South Africa: Competition Tribunal

You are here:
SAFLII >>
Databases >>
South Africa: Competition Tribunal >>
2008 >>
[2008] ZACT 111
| Noteup
| LawCite
JDG Trading (Pty) Ltd v Maravedi Group (Pty) Ltd (111/LM/Oct08) [2008] ZACT 111 (11 December 2008)
Download original files |
COMPETITION TRIBUNAL OF SOUTH AFRICA
Case No: 111/LM/Oct08
In the matter between:
JDG Trading (Pty) Ltd Acquiring Firm
and
Maravedi Group (Pty) Ltd Target Firm
Panel : D Lewis (Presiding Member), Y Carrim (Tribunal
Member) and N Manoim (Tribunal Member)
Heard on : 3 December 2008
Order issued on : 3 December 2008
Reasons issued on : 11 December 2008
Reasons for Decision
Introduction
On 3 December 2008 the Tribunal approved the acquisition by JDG Trading (Pty) Ltd of Maravedi Group (Pty) Ltd. The reasons follow below.
The transaction and parties
The primary acquiring firm is JDG Trading (Pty) Ltd (“JDG Trading”), a subsidiary of JD Group Limited (“JD Group”). JDG Trading has joint control in Maravedi Group (Pty) Ltd, the primary target firm in the proposed transaction, in which it holds 42.65%, along with Absa Group which also holds 42.65%, and Thebe Investment Corporation (Pty) Ltd which is the minority shareholder with 9.48%.

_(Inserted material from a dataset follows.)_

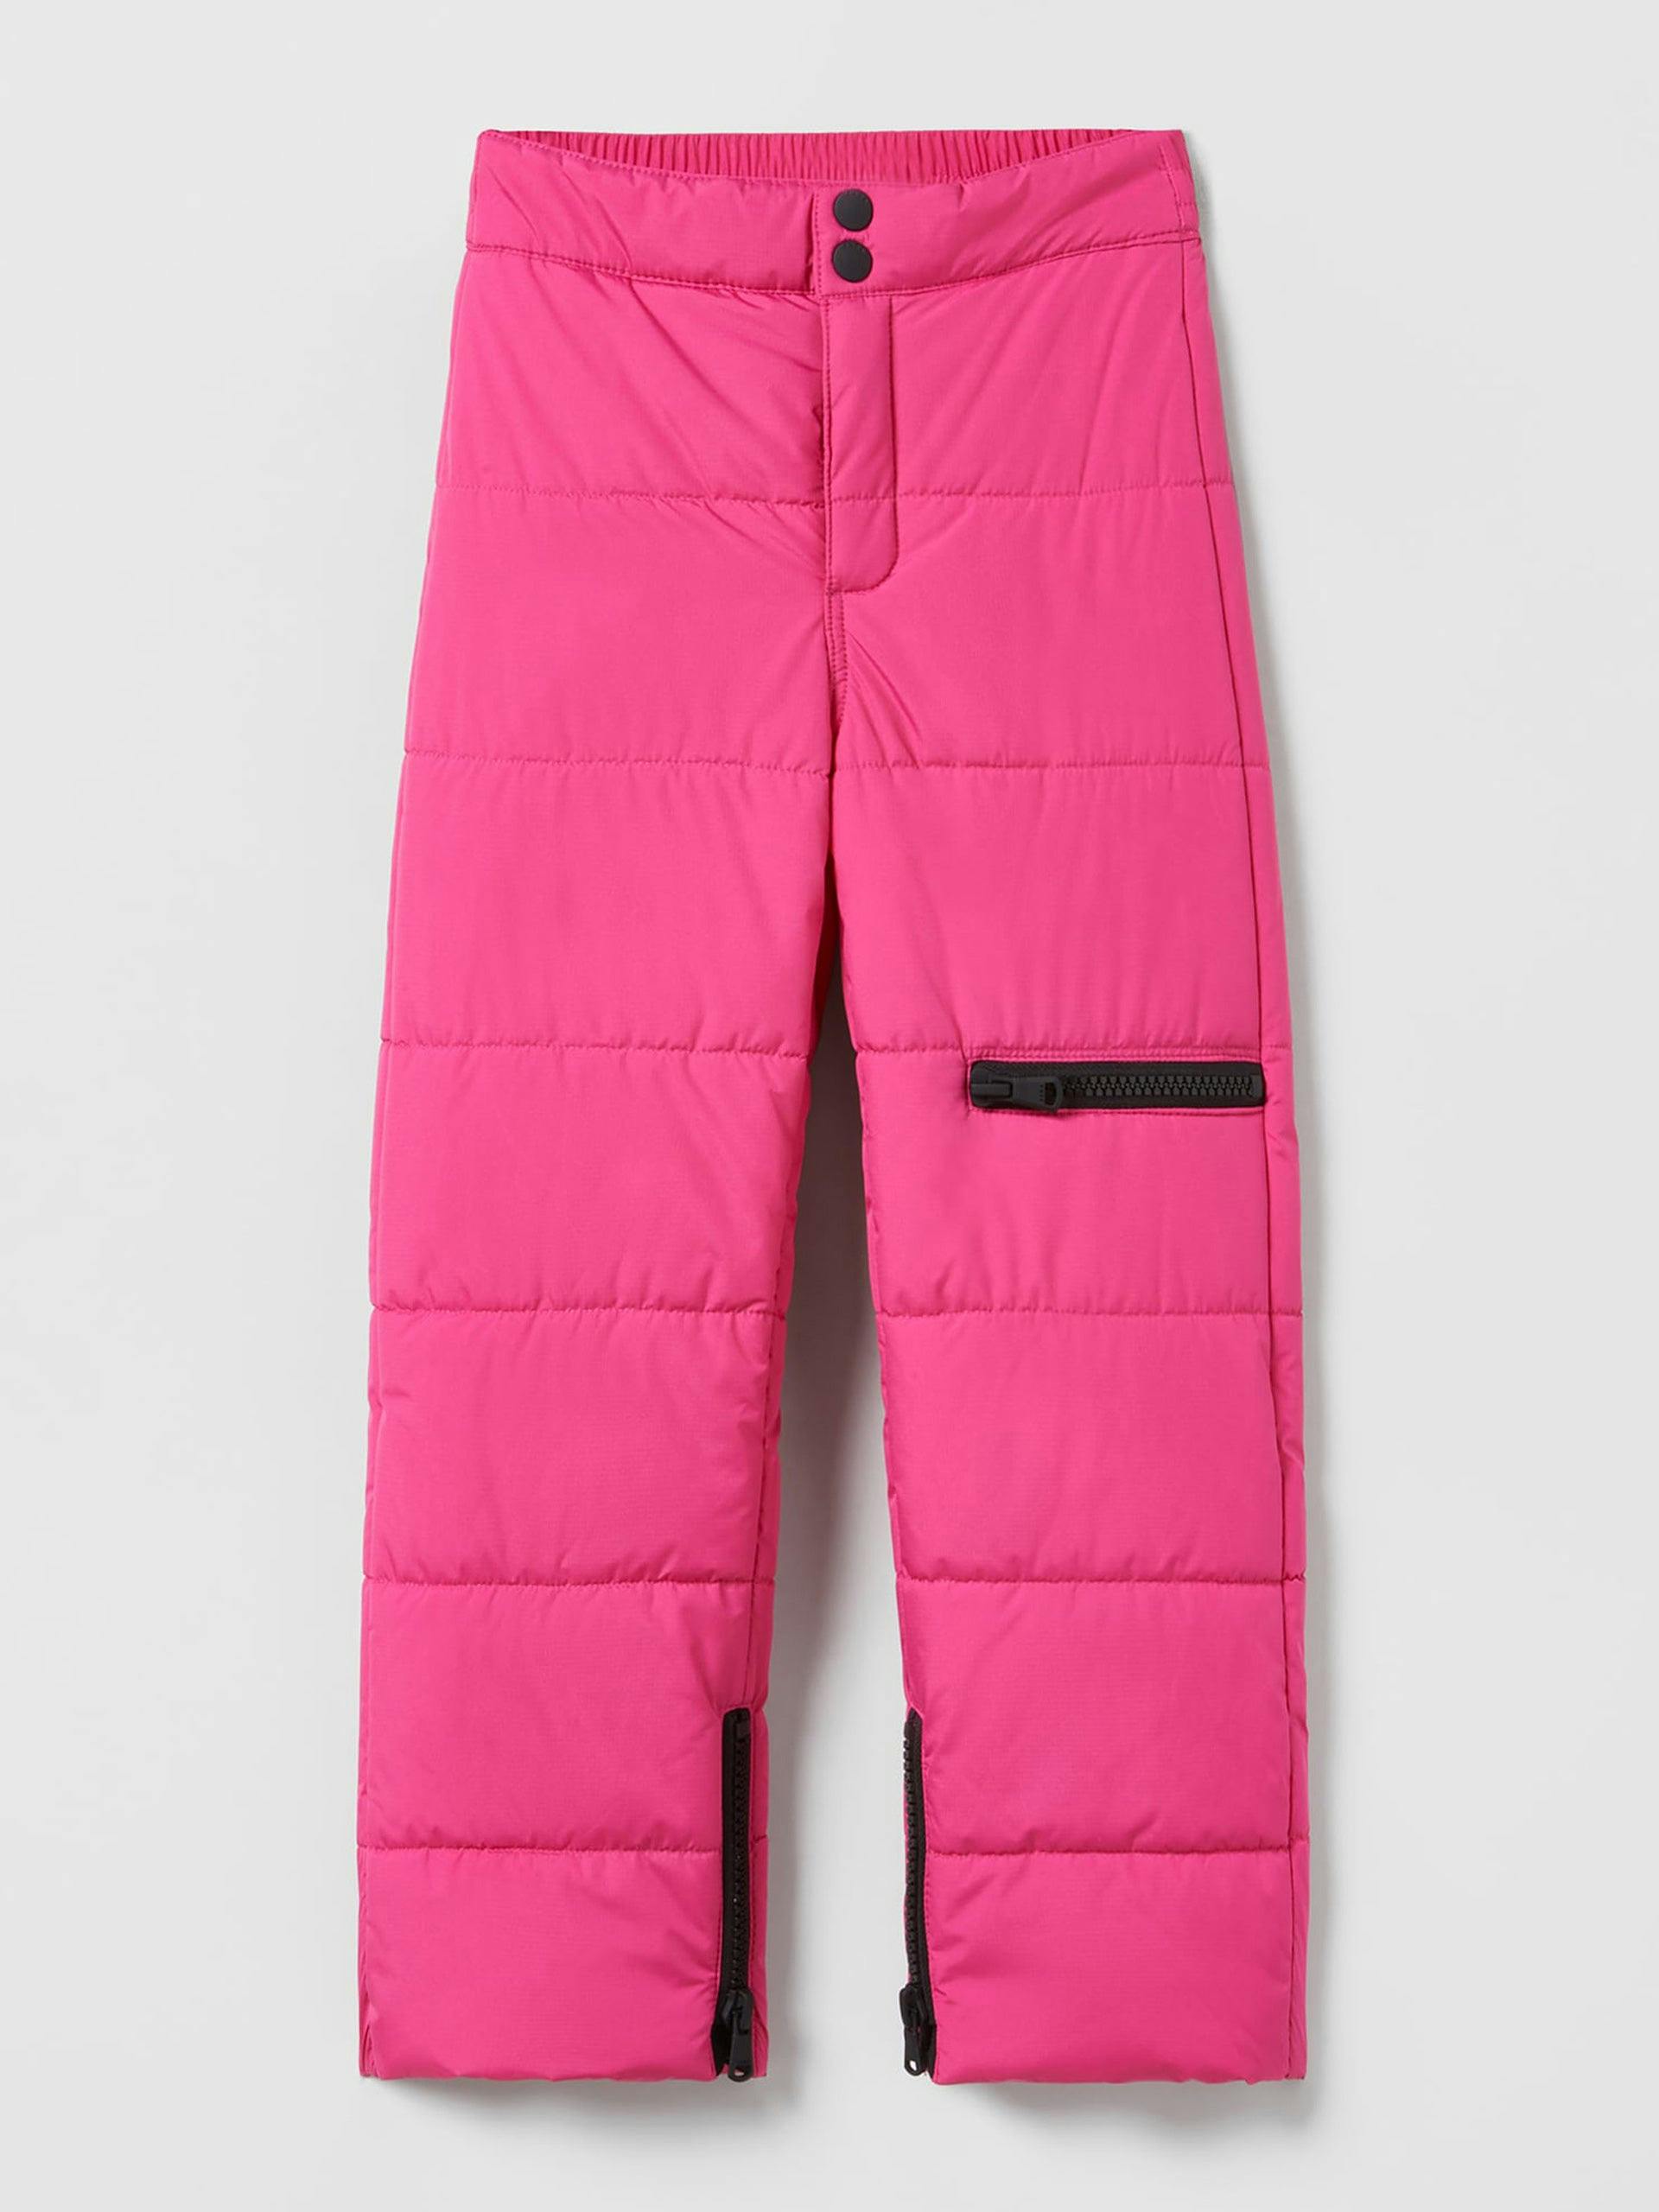 Pink ski trousers

In terms of the proposed transaction JDG Trading will increase its shareholding in Maravedi Group from 42.65% to 90.52% by buying ABSA Group’s and Maravedi Management’s shares, thus moving from joint to sole control, with Thebe Investment Corporation remaining as the minority shareholder.
Rationale for the transaction
The rationale for JDG Trading is to form a separate financial division. Absa, which used to fund Maravedi Group, is no longer prepared to provide funding, whereas JDG Trading is prepared to fund Maravedi Group.
Effect on Competition
JDG Trading is active in the sale of household durable goods such as furniture and electronic appliances on cash and credit, and collects its own book debts, though in certain instances it outsources to third parties. Maravedi Group through its subsidiaries is active in the business of acquisition and collection of delinquent debtors’ book, and originating and advancing of credit through the mechanism of various financial products such as unsecured personal loans and credit card facilities.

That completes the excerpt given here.